Consider now a fixed natural number $n \in \mathbb{N}$ and write for simplicity $\mathbb{Z}_n\colon =\mathbb{Z}/n\mathbb{Z}$. Furthermore, for arbitrary integer $m \in \mathbb{Z}$ let us denote the residue class of $m$ modulo $n$ by $\overline{m}$. Assuming that $m \in \mathbb{Z}$ is such that $\overline{m} \in \mathrm{Nil}\left(\mathbb{Z}_n\right)$ we infer the existence of $k \in \mathbb{N}^{\times}$ such that $\overline{m}^k=\overline{m^k}=\overline{0}$. This entails $n \mid m^k$ and by virtue of the relations mentioned in the previous paragraph entails $\Pi(n) \subseteq \Pi\left(m^k\right)=\Pi(m)$ (the fact that $k\neq 0$ is required to make the latter relation of equality valid).

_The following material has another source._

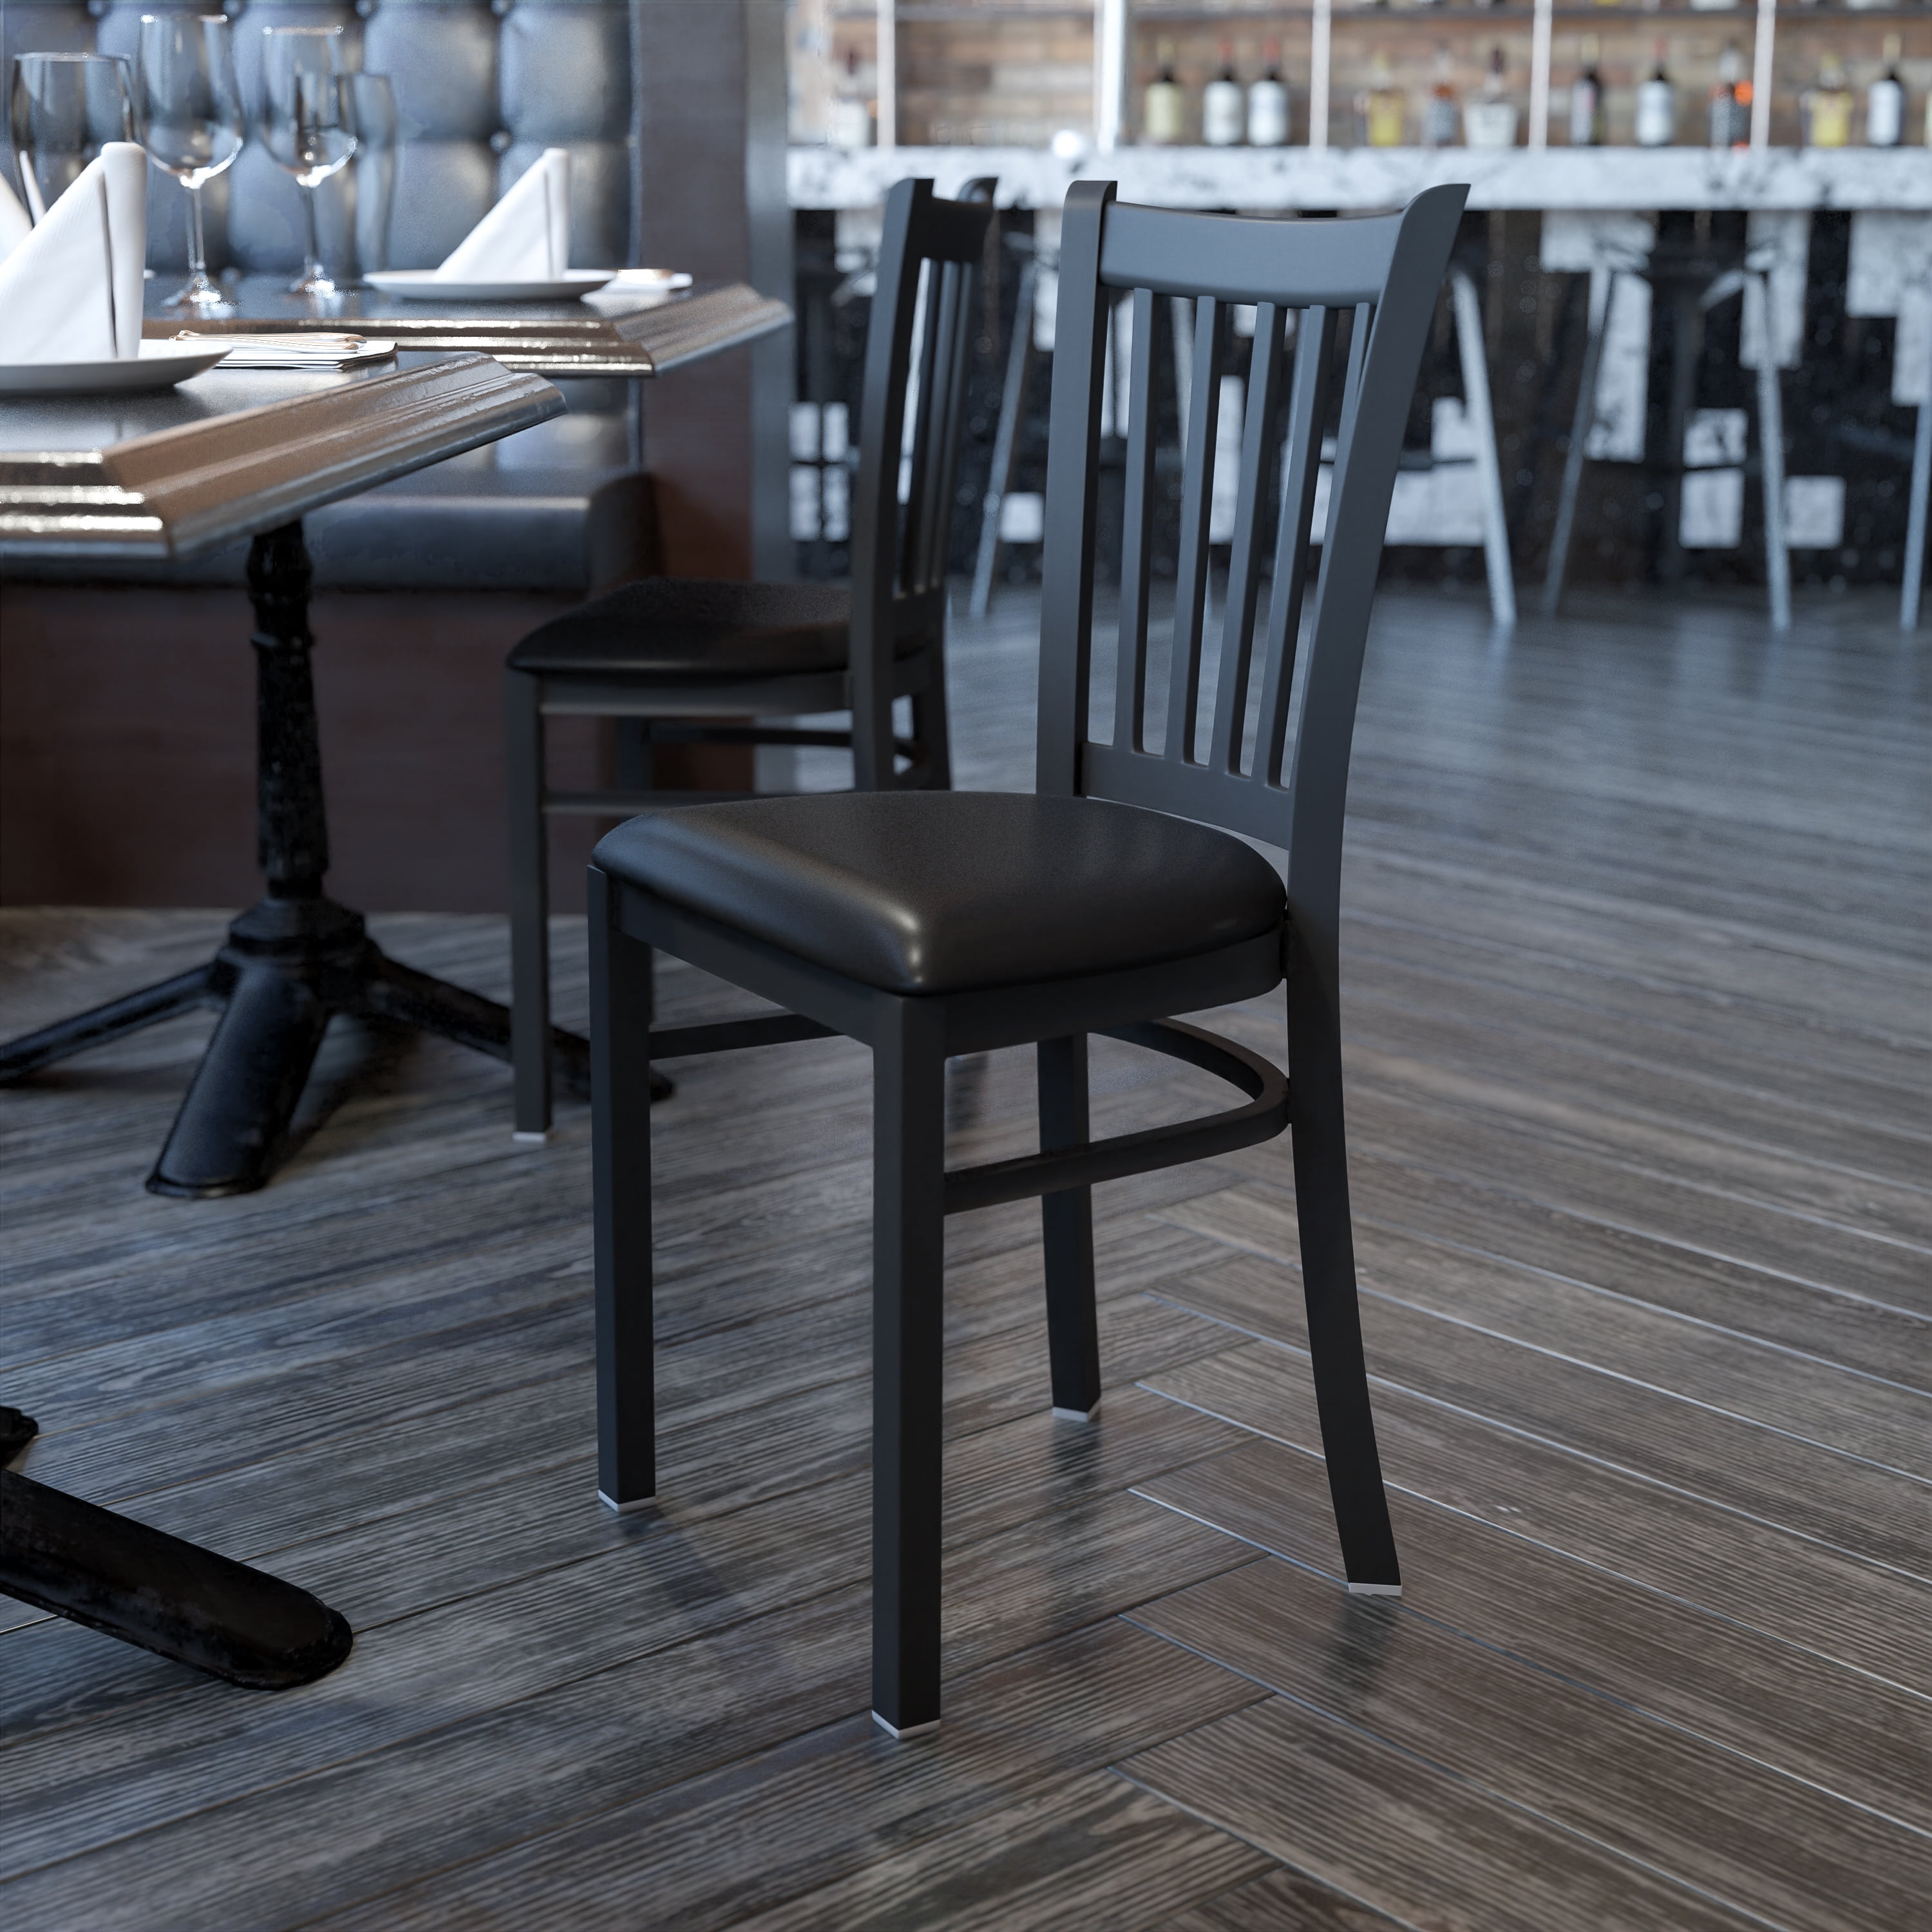 Flash Furniture Hercules Series Black Coffee Back Metal Restaurant Chair for sale online
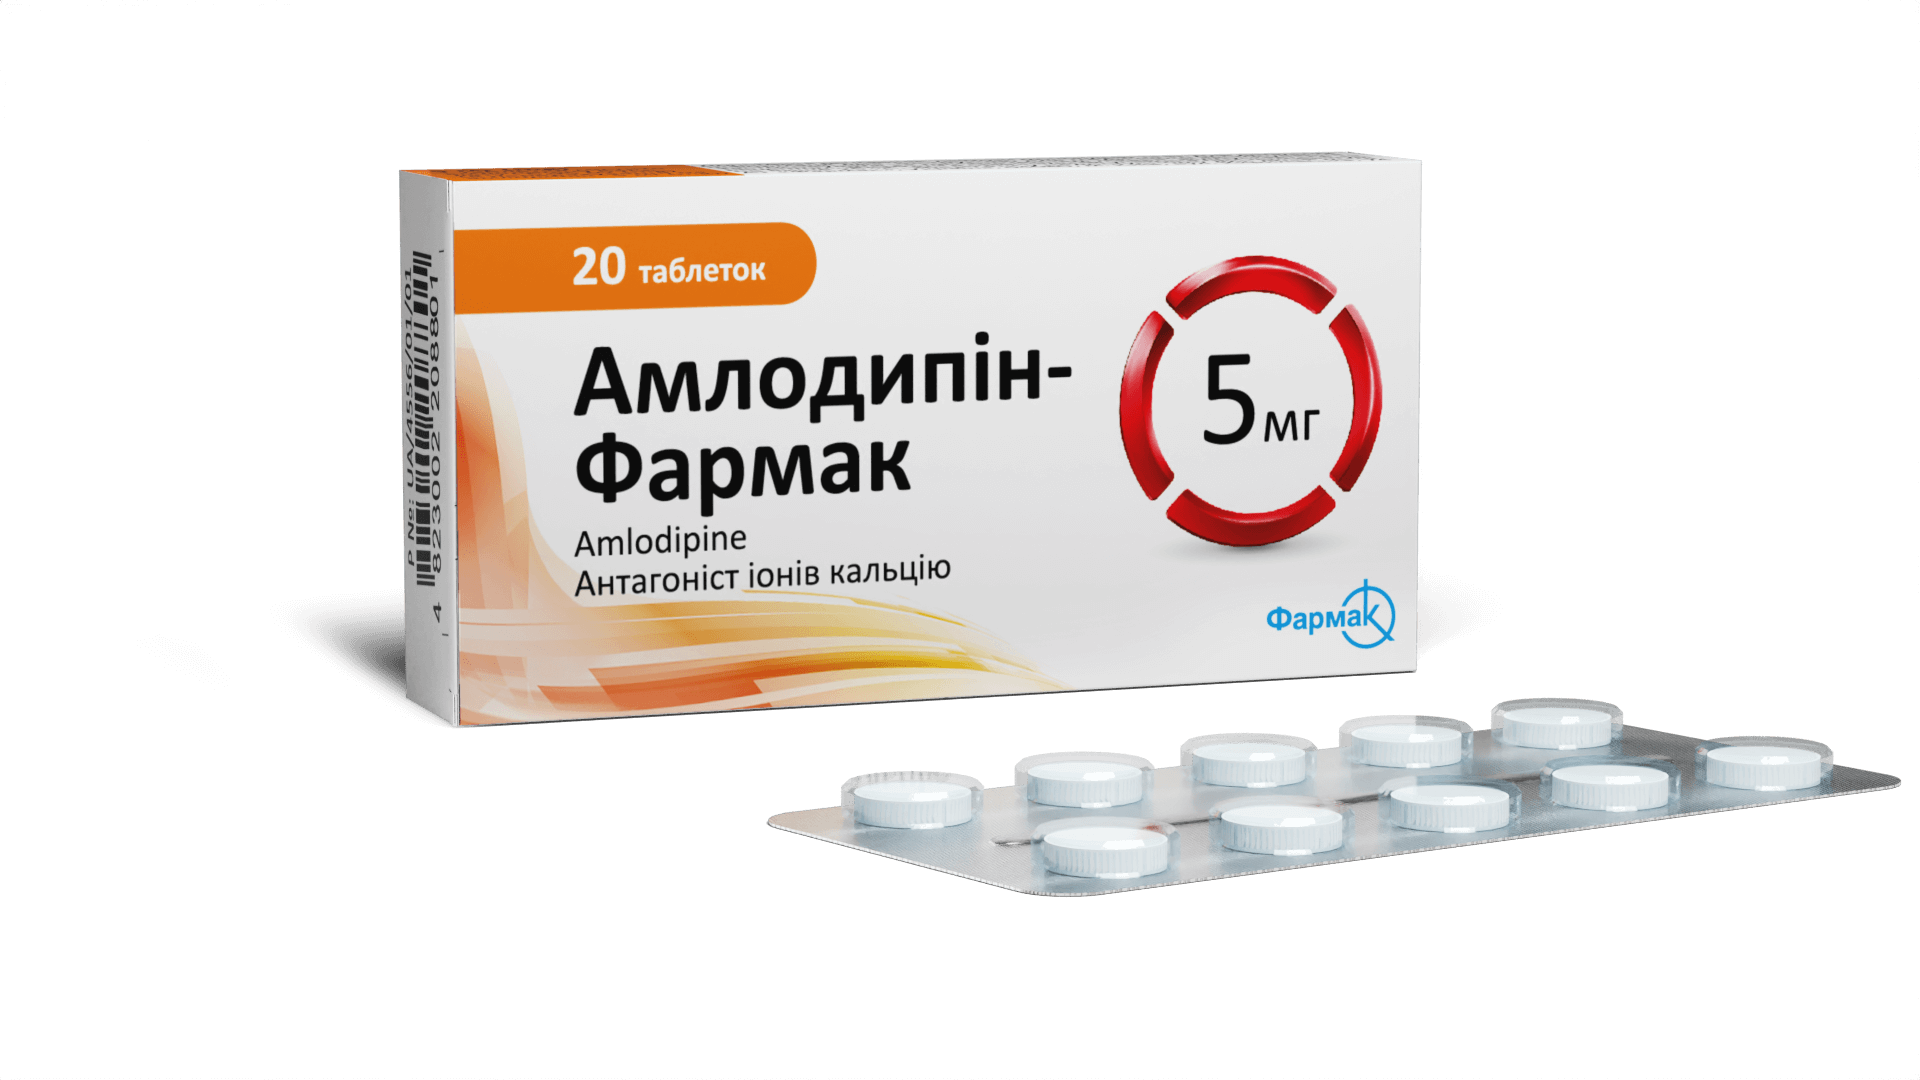 Амлодипин-Фармак 5 мг (1)

Conversely, assuming that the integer $m \in \mathbb{Z}$ satisfies the relation $\Pi(n) \subseteq \Pi(m)$ we infer that $p \mid m$ for each $p \in \Pi(n)$ and since two distinct primes are mutually prime we infer from an elementary proposition in arithmetic that $r\colon=\displaystyle\prod_{p \in \Pi(n)} p \mid m$. If $\Pi(n)=\varnothing$ we infer - in conjunction with $n \in \mathbb{N}$ - that $n=1$ and thus $\mathbb{Z}_1=\left\{\overline{0}\right\}$ is a null ring, all of its elements - $\overline{m}$ in particular - thus being nilpotent. If on the other hand $\Pi(n) \neq\ \varnothing$, since nonempty totally ordered sets have maxima we can in particular consider $h=\displaystyle\max_{p \in \Pi(n)}v_p(n)$. Since in general $p \in \Pi(m) \Leftrightarrow v_p(m)>0$ for any prime $p \in \mathbb{P}$ and integer $m \in \mathbb{Z}$, we ascertain that $h>0$. Since by construction $v_p(n) \leqslant h=v_p\left(r^h\right)$ is valid for each $p \in \Pi(n)$ (and therefore automatically for any $p \in \mathbb{P}$), it follows that $n \mid r^h \mid m^h$, which signifies that $\overline{m^h}=\overline{m}^h=\overline{0}$. As $h>0$, we conclude that $\overline{m} \in \mathrm{Nil}\left(\mathbb{Z}_n\right)$.